* **Aim of the exercise**
Quote all of the entries word for word.

--------------------

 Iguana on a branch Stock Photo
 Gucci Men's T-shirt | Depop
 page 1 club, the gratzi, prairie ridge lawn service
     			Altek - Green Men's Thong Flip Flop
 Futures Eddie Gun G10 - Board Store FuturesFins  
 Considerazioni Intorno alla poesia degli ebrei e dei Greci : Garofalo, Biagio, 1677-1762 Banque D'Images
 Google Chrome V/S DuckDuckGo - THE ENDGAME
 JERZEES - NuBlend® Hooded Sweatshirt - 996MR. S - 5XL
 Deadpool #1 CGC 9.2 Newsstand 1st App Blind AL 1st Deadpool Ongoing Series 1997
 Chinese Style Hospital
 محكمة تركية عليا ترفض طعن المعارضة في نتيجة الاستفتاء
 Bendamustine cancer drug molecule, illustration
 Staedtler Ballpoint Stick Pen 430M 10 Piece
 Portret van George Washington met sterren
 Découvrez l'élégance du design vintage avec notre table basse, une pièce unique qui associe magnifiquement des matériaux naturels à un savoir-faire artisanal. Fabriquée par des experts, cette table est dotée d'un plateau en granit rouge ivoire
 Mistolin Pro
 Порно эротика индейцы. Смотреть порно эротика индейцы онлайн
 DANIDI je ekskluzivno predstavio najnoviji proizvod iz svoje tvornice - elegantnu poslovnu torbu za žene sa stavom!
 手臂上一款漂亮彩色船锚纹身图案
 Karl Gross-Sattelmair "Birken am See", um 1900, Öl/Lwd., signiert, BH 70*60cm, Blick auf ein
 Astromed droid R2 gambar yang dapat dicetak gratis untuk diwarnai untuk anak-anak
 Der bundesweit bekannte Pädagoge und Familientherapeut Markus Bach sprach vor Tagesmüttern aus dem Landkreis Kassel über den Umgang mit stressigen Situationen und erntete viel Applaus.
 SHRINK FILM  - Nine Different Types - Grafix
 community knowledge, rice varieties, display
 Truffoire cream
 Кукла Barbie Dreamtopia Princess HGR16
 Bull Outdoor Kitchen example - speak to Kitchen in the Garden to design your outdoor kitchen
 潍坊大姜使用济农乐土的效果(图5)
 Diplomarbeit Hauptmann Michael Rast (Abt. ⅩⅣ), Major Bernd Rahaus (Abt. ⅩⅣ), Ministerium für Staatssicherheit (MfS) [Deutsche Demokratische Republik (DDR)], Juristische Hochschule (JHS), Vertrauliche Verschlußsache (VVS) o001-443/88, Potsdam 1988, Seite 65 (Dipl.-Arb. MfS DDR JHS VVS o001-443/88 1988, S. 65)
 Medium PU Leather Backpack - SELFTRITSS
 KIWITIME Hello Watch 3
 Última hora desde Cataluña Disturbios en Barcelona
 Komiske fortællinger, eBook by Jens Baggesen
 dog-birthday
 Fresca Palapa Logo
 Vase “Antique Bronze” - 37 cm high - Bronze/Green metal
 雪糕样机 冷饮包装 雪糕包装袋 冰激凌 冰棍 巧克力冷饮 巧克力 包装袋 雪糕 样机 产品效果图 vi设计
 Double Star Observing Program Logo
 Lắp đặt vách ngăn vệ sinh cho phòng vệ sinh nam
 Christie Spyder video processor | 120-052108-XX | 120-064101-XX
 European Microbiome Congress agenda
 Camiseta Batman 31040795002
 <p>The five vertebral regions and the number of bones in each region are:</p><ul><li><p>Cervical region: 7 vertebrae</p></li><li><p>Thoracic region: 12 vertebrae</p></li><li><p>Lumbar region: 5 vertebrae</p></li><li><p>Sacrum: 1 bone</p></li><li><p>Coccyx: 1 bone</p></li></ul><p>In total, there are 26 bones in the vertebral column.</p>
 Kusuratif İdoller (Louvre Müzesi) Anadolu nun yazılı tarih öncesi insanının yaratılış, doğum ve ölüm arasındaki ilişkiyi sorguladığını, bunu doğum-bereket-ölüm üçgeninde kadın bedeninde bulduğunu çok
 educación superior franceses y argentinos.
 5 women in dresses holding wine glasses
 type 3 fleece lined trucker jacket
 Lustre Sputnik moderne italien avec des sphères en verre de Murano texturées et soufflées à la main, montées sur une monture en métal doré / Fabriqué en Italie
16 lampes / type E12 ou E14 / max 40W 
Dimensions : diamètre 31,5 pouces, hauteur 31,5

--------------------

* **Result**
 Iguana on a branch Stock Photo
 Gucci Men's T-shirt | Depop
 page 1 club, the gratzi, prairie ridge lawn service
     			Altek - Green Men's Thong Flip Flop
 Futures Eddie Gun G10 - Board Store FuturesFins  
 Considerazioni Intorno alla poesia degli ebrei e dei Greci : Garofalo, Biagio, 1677-1762 Banque D'Images
 Google Chrome V/S DuckDuckGo - THE ENDGAME
 JERZEES - NuBlend® Hooded Sweatshirt - 996MR. S - 5XL
 Deadpool #1 CGC 9.2 Newsstand 1st App Blind AL 1st Deadpool Ongoing Series 1997
 Chinese Style Hospital
 محكمة تركية عليا ترفض طعن المعارضة في نتيجة الاستفتاء
 Bendamustine cancer drug molecule, illustration
 Staedtler Ballpoint Stick Pen 430M 10 Piece
 Portret van George Washington met sterren
 Découvrez l'élégance du design vintage avec notre table basse, une pièce unique qui associe magnifiquement des matériaux naturels à un savoir-faire artisanal. Fabriquée par des experts, cette table est dotée d'un plateau en granit rouge ivoire
 Mistolin Pro
 Порно эротика индейцы. Смотреть порно эротика индейцы онлайн
 DANIDI je ekskluzivno predstavio najnoviji proizvod iz svoje tvornice - elegantnu poslovnu torbu za žene sa stavom!
 手臂上一款漂亮彩色船锚纹身图案
 Karl Gross-Sattelmair "Birken am See", um 1900, Öl/Lwd., signiert, BH 70*60cm, Blick auf ein
 Astromed droid R2 gambar yang dapat dicetak gratis untuk diwarnai untuk anak-anak
 Der bundesweit bekannte Pädagoge und Familientherapeut Markus Bach sprach vor Tagesmüttern aus dem Landkreis Kassel über den Umgang mit stressigen Situationen und erntete viel Applaus.
 SHRINK FILM  - Nine Different Types - Grafix
 community knowledge, rice varieties, display
 Truffoire cream
 Кукла Barbie Dreamtopia Princess HGR16
 Bull Outdoor Kitchen example - speak to Kitchen in the Garden to design your outdoor kitchen
 潍坊大姜使用济农乐土的效果(图5)
 Diplomarbeit Hauptmann Michael Rast (Abt. ⅩⅣ), Major Bernd Rahaus (Abt. ⅩⅣ), Ministerium für Staatssicherheit (MfS) [Deutsche Demokratische Republik (DDR)], Juristische Hochschule (JHS), Vertrauliche Verschlußsache (VVS) o001-443/88, Potsdam 1988, Seite 65 (Dipl.-Arb. MfS DDR JHS VVS o001-443/88 1988, S. 65)
 Medium PU Leather Backpack - SELFTRITSS
 KIWITIME Hello Watch 3
 Última hora desde Cataluña Disturbios en Barcelona
 Komiske fortællinger, eBook by Jens Baggesen
 dog-birthday
 Fresca Palapa Logo
 Vase “Antique Bronze” - 37 cm high - Bronze/Green metal
 雪糕样机 冷饮包装 雪糕包装袋 冰激凌 冰棍 巧克力冷饮 巧克力 包装袋 雪糕 样机 产品效果图 vi设计
 Double Star Observing Program Logo
 Lắp đặt vách ngăn vệ sinh cho phòng vệ sinh nam
 Christie Spyder video processor | 120-052108-XX | 120-064101-XX
 European Microbiome Congress agenda
 Camiseta Batman 31040795002
 <p>The five vertebral regions and the number of bones in each region are:</p><ul><li><p>Cervical region: 7 vertebrae</p></li><li><p>Thoracic region: 12 vertebrae</p></li><li><p>Lumbar region: 5 vertebrae</p></li><li><p>Sacrum: 1 bone</p></li><li><p>Coccyx: 1 bone</p></li></ul><p>In total, there are 26 bones in the vertebral column.</p>
 Kusuratif İdoller (Louvre Müzesi) Anadolu nun yazılı tarih öncesi insanının yaratılış, doğum ve ölüm arasındaki ilişkiyi sorguladığını, bunu doğum-bereket-ölüm üçgeninde kadın bedeninde bulduğunu çok
 educación superior franceses y argentinos.
 5 women in dresses holding wine glasses
 type 3 fleece lined trucker jacket
 Lustre Sputnik moderne italien avec des sphères en verre de Murano texturées et soufflées à la main, montées sur une monture en métal doré / Fabriqué en Italie
16 lampes / type E12 ou E14 / max 40W 
Dimensions : diamètre 31,5 pouces, hauteur 31,5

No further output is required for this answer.